__Records contained in a dataset__:

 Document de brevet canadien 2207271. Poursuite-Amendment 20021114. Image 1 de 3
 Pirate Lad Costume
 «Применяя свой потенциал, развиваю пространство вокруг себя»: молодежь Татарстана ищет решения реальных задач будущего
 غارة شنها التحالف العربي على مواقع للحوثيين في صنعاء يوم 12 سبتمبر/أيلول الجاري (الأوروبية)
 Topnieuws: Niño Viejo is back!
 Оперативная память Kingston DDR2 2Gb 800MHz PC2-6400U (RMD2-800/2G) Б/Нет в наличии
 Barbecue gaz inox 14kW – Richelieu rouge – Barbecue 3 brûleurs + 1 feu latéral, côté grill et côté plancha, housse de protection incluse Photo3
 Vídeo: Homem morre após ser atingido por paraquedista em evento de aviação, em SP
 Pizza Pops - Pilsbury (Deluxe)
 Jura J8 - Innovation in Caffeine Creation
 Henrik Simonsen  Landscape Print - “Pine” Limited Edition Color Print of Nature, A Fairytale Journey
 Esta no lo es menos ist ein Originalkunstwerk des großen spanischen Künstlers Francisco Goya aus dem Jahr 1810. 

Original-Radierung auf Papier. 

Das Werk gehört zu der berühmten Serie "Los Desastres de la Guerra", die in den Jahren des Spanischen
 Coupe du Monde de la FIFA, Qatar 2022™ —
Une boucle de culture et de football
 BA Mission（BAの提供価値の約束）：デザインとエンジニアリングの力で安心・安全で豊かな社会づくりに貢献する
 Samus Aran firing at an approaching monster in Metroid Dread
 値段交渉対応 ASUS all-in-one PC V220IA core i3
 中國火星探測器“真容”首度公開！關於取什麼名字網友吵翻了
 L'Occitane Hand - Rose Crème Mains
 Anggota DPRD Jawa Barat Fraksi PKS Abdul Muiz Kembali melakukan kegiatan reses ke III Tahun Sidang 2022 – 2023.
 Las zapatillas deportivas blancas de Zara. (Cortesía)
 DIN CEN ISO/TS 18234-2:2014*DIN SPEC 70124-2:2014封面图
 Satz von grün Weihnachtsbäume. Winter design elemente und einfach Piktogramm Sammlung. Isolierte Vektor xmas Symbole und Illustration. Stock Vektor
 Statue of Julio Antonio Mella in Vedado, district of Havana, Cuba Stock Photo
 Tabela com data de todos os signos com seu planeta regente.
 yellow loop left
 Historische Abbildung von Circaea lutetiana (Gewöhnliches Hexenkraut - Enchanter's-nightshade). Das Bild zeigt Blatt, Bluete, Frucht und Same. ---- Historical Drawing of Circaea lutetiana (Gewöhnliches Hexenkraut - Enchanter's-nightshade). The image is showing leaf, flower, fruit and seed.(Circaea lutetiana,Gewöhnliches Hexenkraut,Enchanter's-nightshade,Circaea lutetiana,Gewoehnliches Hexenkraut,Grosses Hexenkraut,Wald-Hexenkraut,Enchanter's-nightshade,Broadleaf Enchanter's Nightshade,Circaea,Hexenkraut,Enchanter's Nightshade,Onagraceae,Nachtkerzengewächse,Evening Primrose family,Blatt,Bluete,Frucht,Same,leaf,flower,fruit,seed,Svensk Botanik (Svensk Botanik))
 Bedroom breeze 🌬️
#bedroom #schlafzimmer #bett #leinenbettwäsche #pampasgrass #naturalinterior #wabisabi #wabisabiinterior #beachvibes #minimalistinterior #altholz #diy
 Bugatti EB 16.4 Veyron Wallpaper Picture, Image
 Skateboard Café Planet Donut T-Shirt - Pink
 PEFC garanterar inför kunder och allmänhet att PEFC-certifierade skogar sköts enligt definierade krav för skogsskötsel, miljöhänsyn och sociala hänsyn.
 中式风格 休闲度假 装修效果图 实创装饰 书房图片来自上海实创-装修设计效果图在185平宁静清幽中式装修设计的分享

__Exercise brief__: In the data above, start at the line that has "Barbecue gaz inox", stop after the line that has "Esta no lo es", and print every line in between exactly as it stands.

__Written response__:
 Barbecue gaz inox 14kW – Richelieu rouge – Barbecue 3 brûleurs + 1 feu latéral, côté grill et côté plancha, housse de protection incluse Photo3
 Vídeo: Homem morre após ser atingido por paraquedista em evento de aviação, em SP
 Pizza Pops - Pilsbury (Deluxe)
 Jura J8 - Innovation in Caffeine Creation
 Henrik Simonsen  Landscape Print - “Pine” Limited Edition Color Print of Nature, A Fairytale Journey
 Esta no lo es menos ist ein Originalkunstwerk des großen spanischen Künstlers Francisco Goya aus dem Jahr 1810. 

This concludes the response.